Più in dettaglio per la Via Francigena sono 17 gli interventi nei 12  Comuni interessati: sei nel piacentino  a Calendasco, Piacenza, Pontenure, Cadeo, Fiorenzuola, Alseno, sei nel parmense a Fidenza, Medesano, Noceto, Fornovo di Taro, Terenzo, Berceto, mentre venti cantieri partiranno in nove Comuni del  Cammino di San Francesco in Romagna a Rimini, Santarcangelo di Romagna, Verucchio, San Leo, Poggio Torriana, Maiolo, Novafeltria, Sant’Agata Feltria, Verghereto.

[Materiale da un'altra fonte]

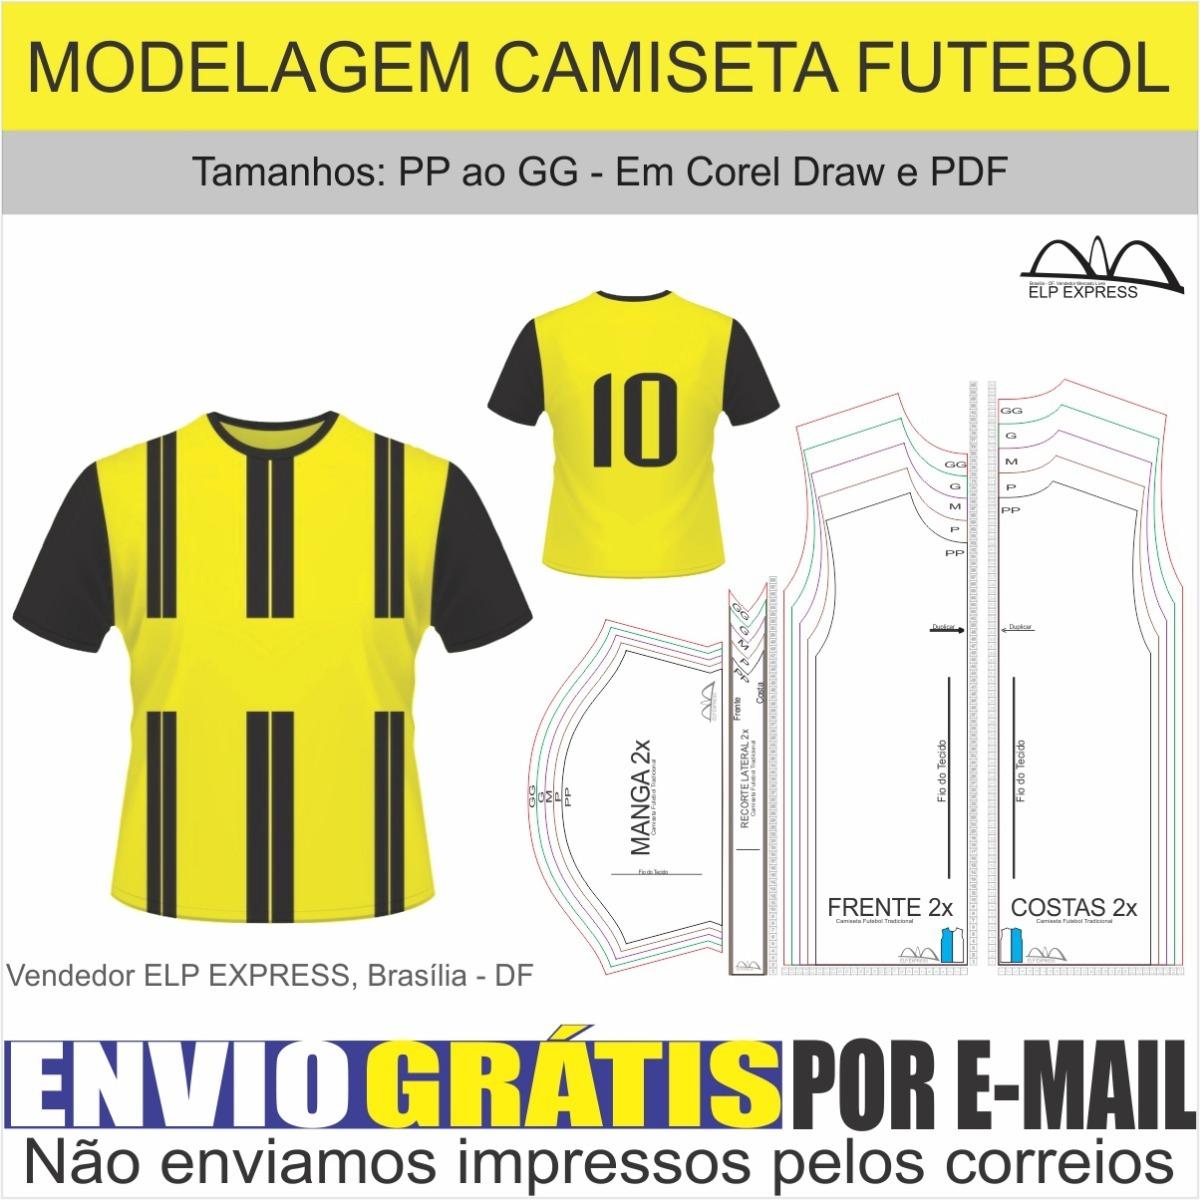 Molde Camiseta Futebol ( Pp Ao Gg) + Gabarito Sublimação - R  19 5a10bce398ef7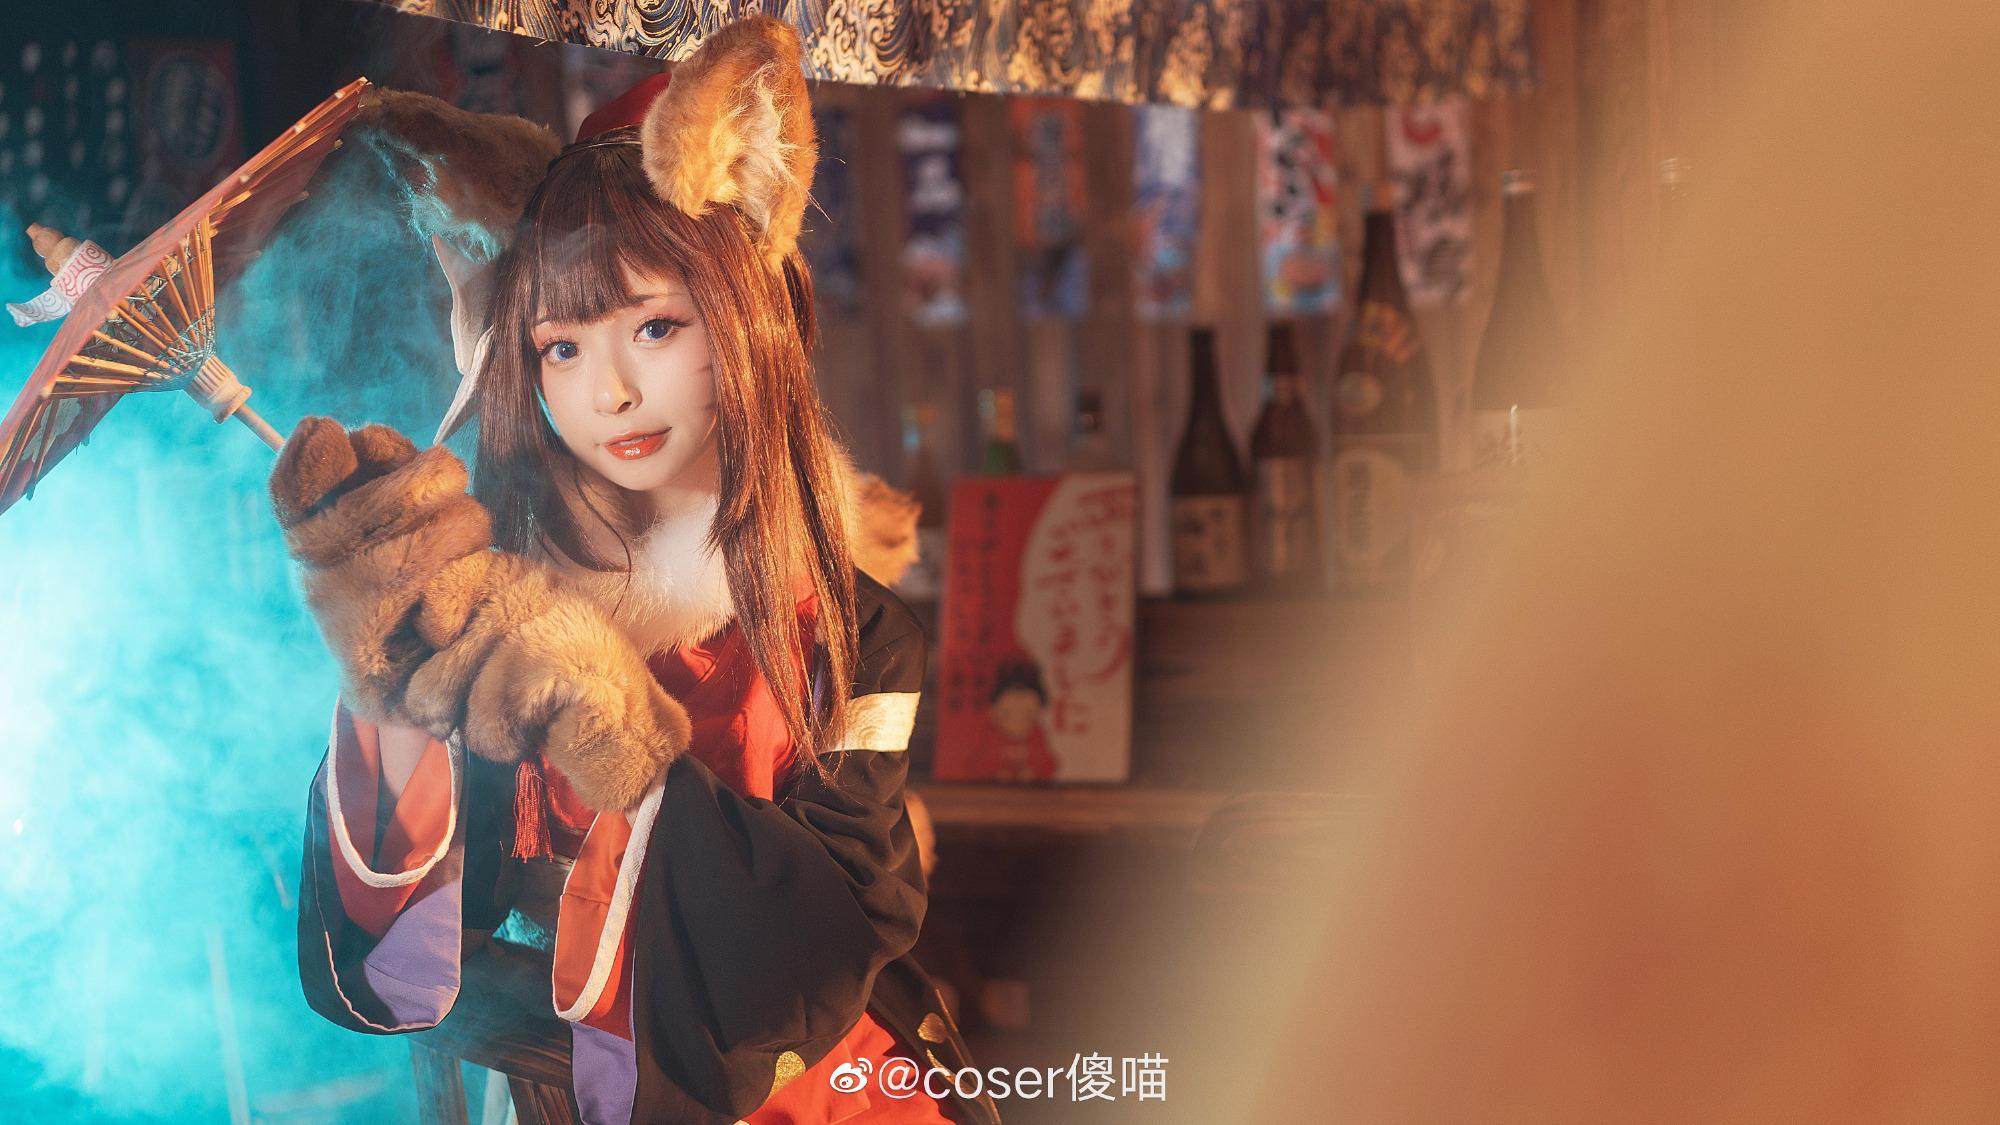 《阴阳师手游》推荐cosplay【CN:coser傻喵】-第3张

Per entrambi i cammini le opere riguarderanno la messa in sicurezza di tratti  di percorsi che presentano criticità per la fruibilità e la protezione delle persone (sistemazione idrogeologica di tratti soggetti a frane, ripristino della rete di sentieristica, sistemazione guadi e pontili, messa in sicurezza dei pedoni nei tratti lungo le strade  percorse da auto),  la  realizzazione di infrastrutture per consentire migliore accesso  ai  percorsi o a punti di intesse artistico (parcheggi di interscambio in prossimità dei centri abitati, aree di sosta attrezzate, piste ciclabili di collegamento)  e la sistemazione diffusa di segnaletica e punti informativi.

In particolare, per il cammino di San Francesco, due sono gli interventi strategici: la realizzazione della nuova “passerella” pedonale, un “nuovo ponte tibetano” che consentirà il collegamento in sicurezza tra le due sponde del Torrente Marecchia in località Pietracuta-Saiano - attualmente percorribile con guado nei soli mesi estivi -  e interventi particolari e delicati per la conservazione del secolare Cipresso di San Francesco nel Monastero di Villa Verucchio.